Check for stationarity

Code
library(ggplot2)
library(forecast)
library(tseries)


# Perform Augmented Dickey-Fuller (ADF) test
adf_result <- adf.test(ts_data, alternative = "stationary")

# Print test result
print(adf_result)

    Augmented Dickey-Fuller Test

data:  ts_data
Dickey-Fuller = -2.4407, Lag order = 4, p-value = 0.3935
alternative hypothesis: stationary

Note: If the ADF test suggests non-stationarity (p >0.05), differencing is required.

Need to apply differencing

# Compute first-order differencing
ts_diff <- diff(ts_data)

# Plot differenced data
autoplot(ts_diff) + ggtitle("Integrated (I) Component - Differenced Data")
# Perform Augmented Dickey-Fuller (ADF) test
adf_result <- adf.test(ts_diff, alternative = "stationary")

# Print test result
print(adf_result)

    Augmented Dickey-Fuller Test

data:  ts_diff
Dickey-Fuller = -4.3961, Lag order = 4, p-value = 0.01
alternative hypothesis: stationary

Additional Visualisation

Compare the original and differenced series to see how differencing removes trends.

Code
ggplot() +
  geom_line(aes(x = time(ts_data), y = ts_data), color = "blue") +
  geom_line(aes(x = time(ts_diff), y = ts_diff), color = "red", linetype = "dashed") +
  ggtitle("Original vs Differenced Data") + xlab("Time") + ylab("Goals Scored")

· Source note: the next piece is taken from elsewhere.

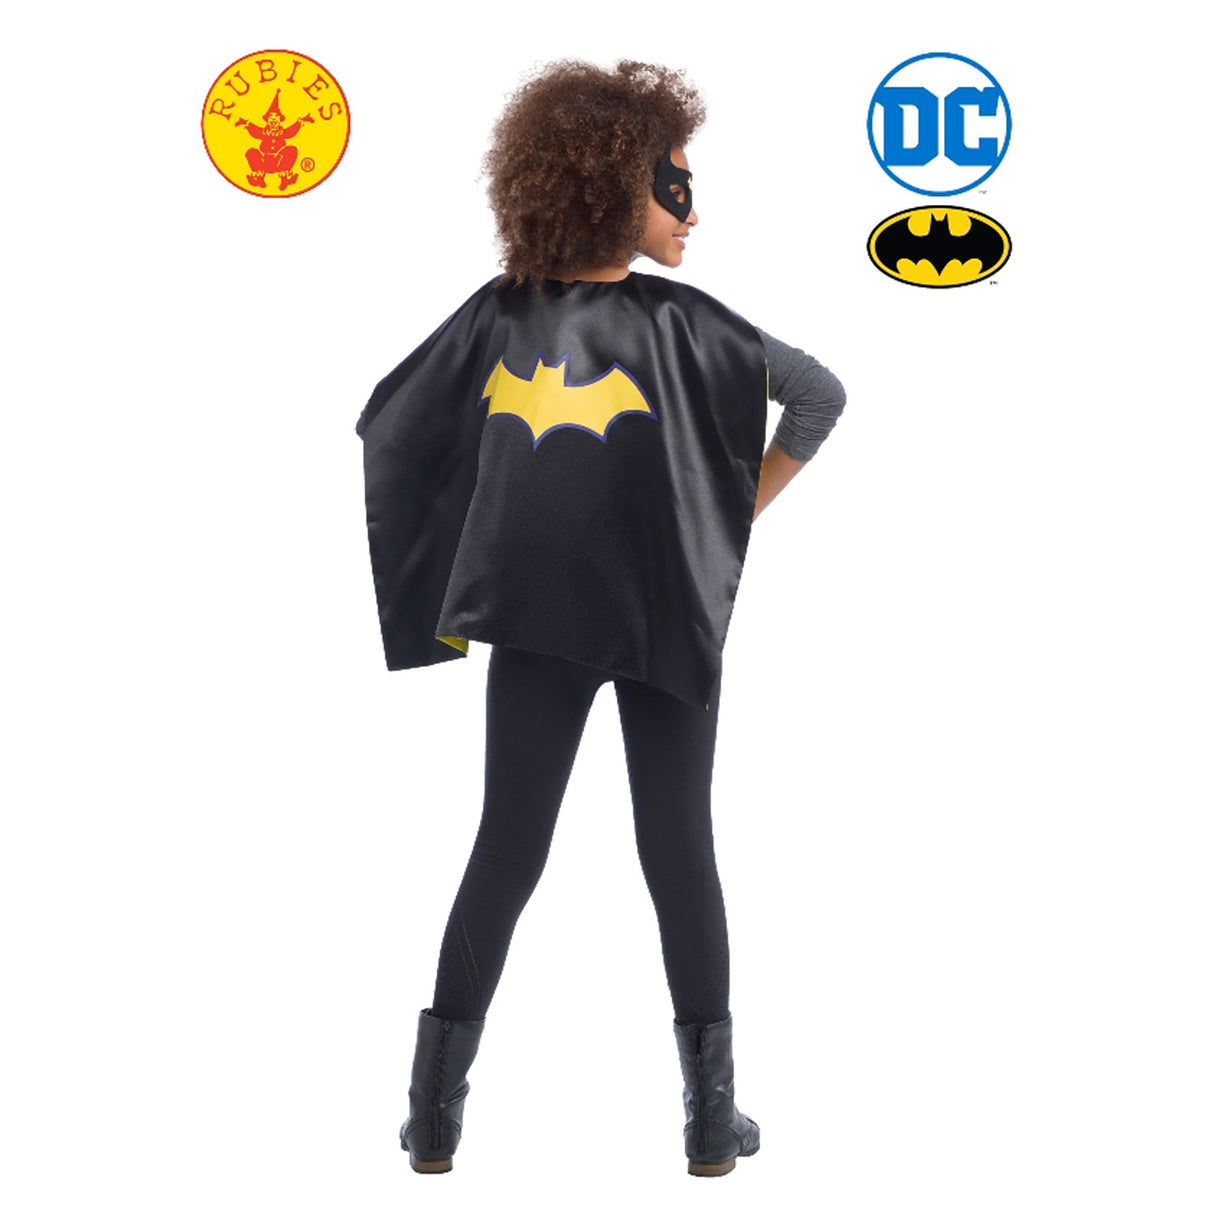 Rubies Dc Comics Batgirl Cape Set, Black

Moving Average (MA) Component

  • The Moving Average (MA) component uses past forecast errors to correct future forecasts.
  • Represented as MA(\(q\)), where \(q\) is the number of past errors included in the model.
  • Helps to smooth out short-term fluctuations.
Code
# Example of residuals plot
fit <- auto.arima(ts_data)
res <- residuals(fit)
autoplot(res) + ggtitle("Moving Average (MA) Component - Residuals")

Note: If ACF has a sharp cutoff, the data likely follows an MA model.

ACF vs PACF Visualisations

  • ACF measures correlation between observations at different lags, helping to identify the order of MA terms.
  • PACF measures direct correlation between an observation and a lagged version of itself, helping to identify AR terms.
# ACF and PACF plots
ggAcf(ts_diff) + ggtitle("ACF: Differenced Data")
ggPacf(ts_diff) + ggtitle("PACF: Differenced Data")

Additional Visualisation

Highlight significant lags in ACF/PACF plots.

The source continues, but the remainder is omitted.